In 1927, not yet having been accepted into the State Academy of Art (today the National Academy of Art), Vasil Barakov took part in the student group exhibition. He was represented by his painting Man and Nature, about which he would say some time later: “I had high hopes for this painting. But I was hasty with it then and I destroyed it.” The future artist was 25 years old. How many times he would undertake such destructive actions toward his artistic realizations as he later advanced towards his life’s end, we will likely never know. But both his own thoughts, confessed in interviews and in front of friends, and the body of work he bequeathed to us suggest that self-restraint, self-torture, and self-destruction were an organic part of Vasil Barakov’s nature.
In the dozens of pictures by the painter, completed works signed by his own hand and that have found their worthy place in the history of Bulgarian art, in museums and private collections, we discover reflected the territories of melancholy, which remain inaccessible for many people. A kind of reified evidence of his personal encounters with nature, industrial landscapes, and still life. Essentially meaningful associations, marked by depth, judgment, and a sensitivity that probably dozens would discard because of its unbearable weight, its insurmountable pain, its indelible scars. But not Vasil Barakov, who seemed to transform his chronic aggravation at reality – not through the emotional, but seemingly exclusively through reason – into his only true creative strategy. We will glimpse it embodied in each of his paintings carried out to the end, with a signature carefully placed in one of its corners.

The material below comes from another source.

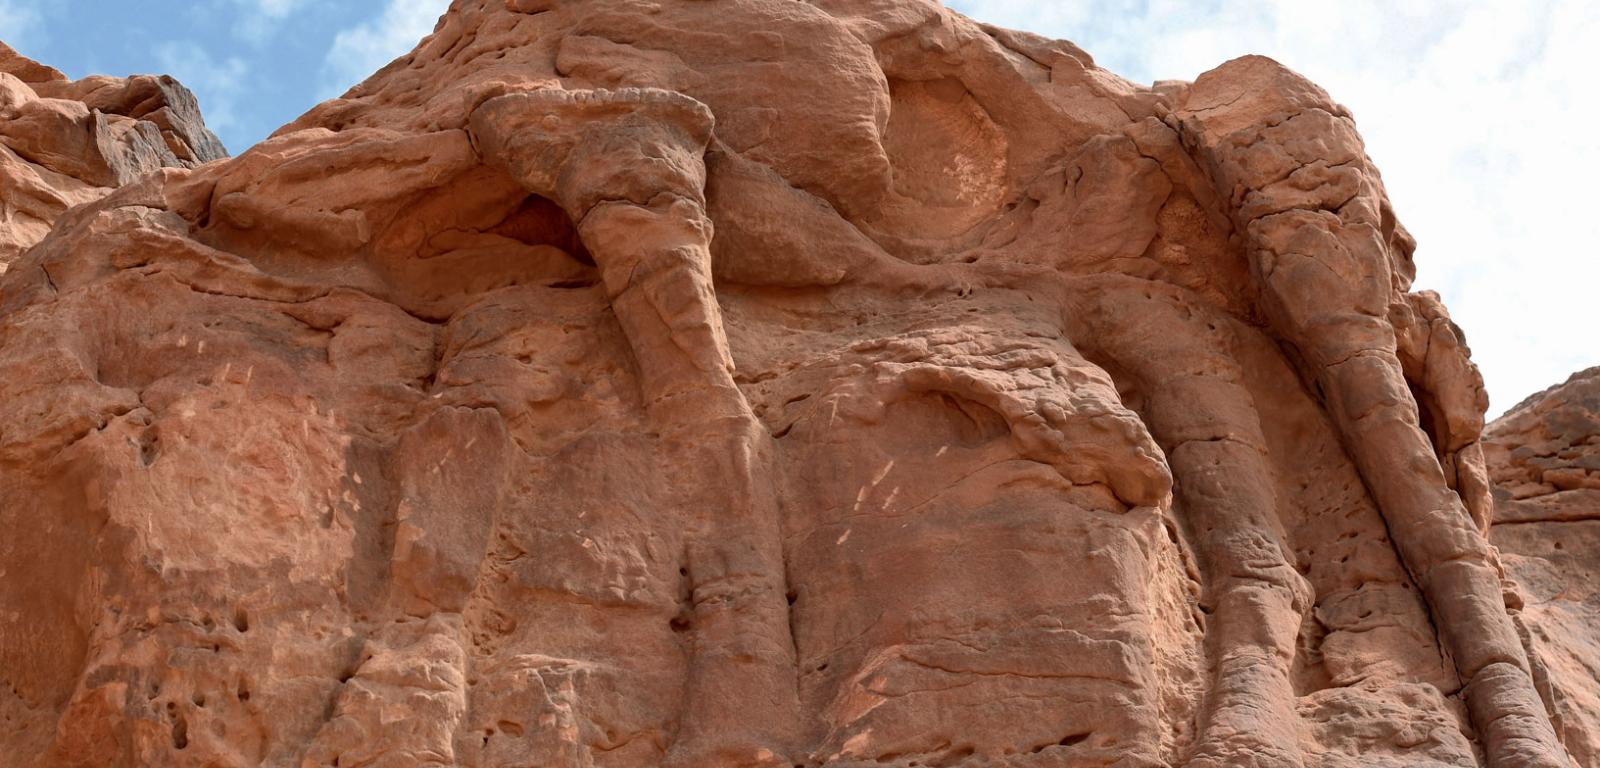 Kamienne wielbłądy wyrzeźbione co najmniej 7 tys. lat temu na północy Półwyspu Arabskiego, wówczas bardziej wilgotnego i porośniętego sawanną.
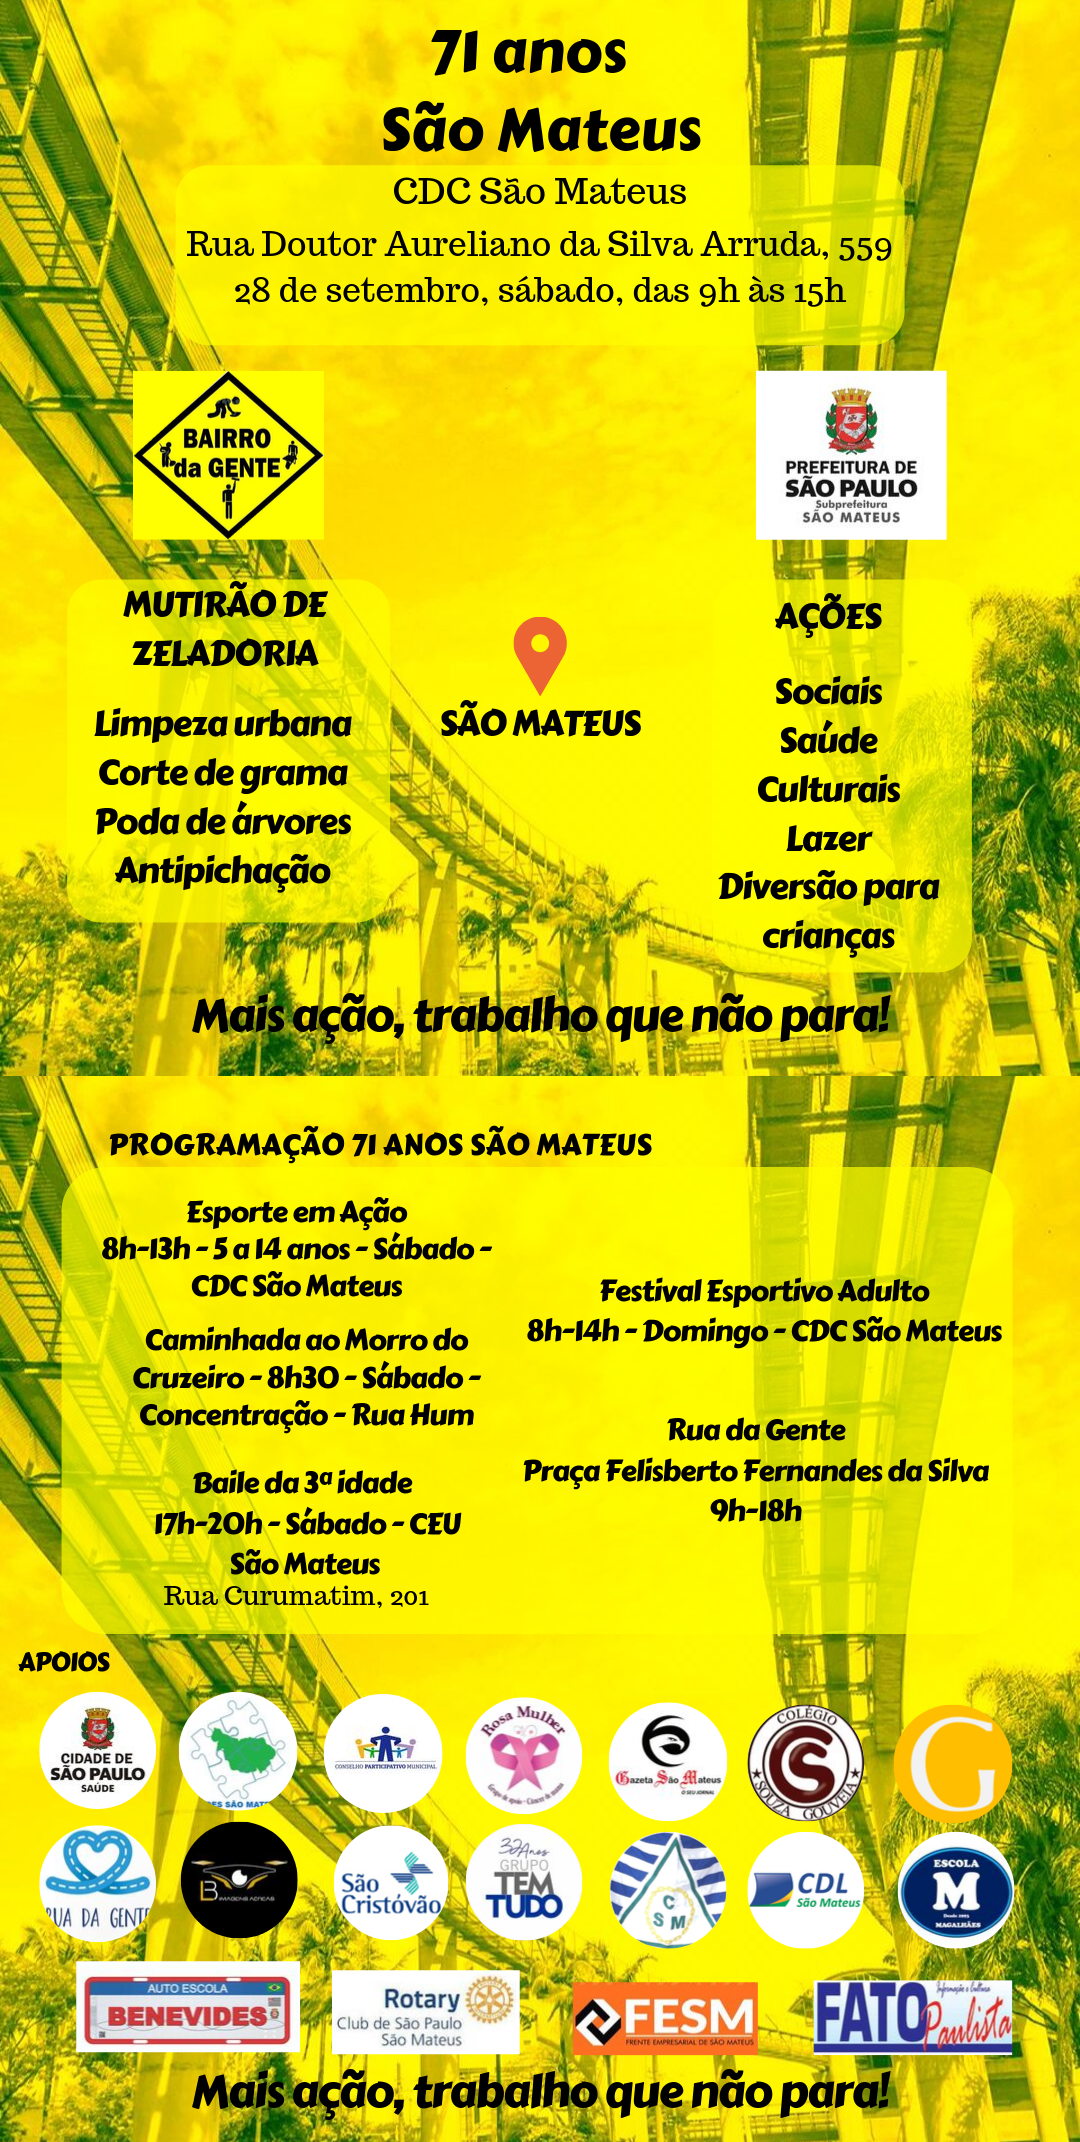 Convite do evento do aniversário de São Mateus, juntamente com o mutirão Bairro da Gente. Fundo amarelo, foto do Monotrilho, endereço e atividades em preto.

Along with his destroyed and completed works, Vasil Barakov has bequeathed us hundreds of his attempts – studies, quick sketches, and painting sketches on paper, cardboard, and fibreboard. A pile of intentions awaiting their materialization, about which the author himself, at the end of his days, would write anxiously: “I have many works abandoned this way, set aside in my studio – some of them supposedly lack just a little, while others have an immense way to go. Some that were begun on cardboard have a kind of quality, but they need to be reworked on canvas. Which to do first? And the years are already reaching their crest… And I feel bad, I feel angry – what more can I say? This is the very truth, as cruel as it may be. This is the closed circle of my life.” Dozens of abandoned quests – quickly caught encounters, sorrows, and worries.
The phenomenon of the abandoned/unfinished work runs through Vasil Barakov’s entire artistic career – from his first self-portrait painted in oil on canvas in 1934, “abandoned” on the back of his completed composition with St. Jerome writing (Museum Collection of the National Academy of Art, inv. № 335), through the dozens of people’s faces he immortalized, through the visual travel notes from his wanderings through nature, in Chepelare, Romania, Rudozem, and Vitosha, to his last still life. The exhibition The Forsaken is dedicated to them – to the ones found in the two folders of the artist that reached us after having survived the collapse of his house and studio in Dragalevtsi. Brimming with melancholy, they lead us not simply along the muddy tracks of solitude, but towards the artist’s sensual essence. To his attitude toward the line, the daub, colour and composition, but also to the humanity within him. To the anatomy of his work.
Having refused to follow the path of normative aesthetics that was systematically, unyieldingly, and aggressively imposed after 1944, Vasil Barakov devoted his days to the development of Bulgarian Cyrillic fonts and the design of book covers. In fact, his entire existence was permeated by “the letters.” When he was still a school pupil, and later as a student, and even after his graduation, when he would be appointed as an assistant artist at the Plovdiv Drama Theatre, his efforts in the field of applied graphics and typefaces stand out in his creative comfort zone, a territory insusceptible to ideological interference. He devoted himself to it entirely, which systematically pulled him away from his painting activities. What always gave him hope that a return to it would be possible once again was his favourite music. That was precisely what seemed to remind him of the trajectory of his unfinished artistic path, his goal, his time limit. And the more the years progressed, the more he clung to the musical refinement of Bach, Handel, and Beethoven, while his return to those “forsaken” works became more and more unattainable.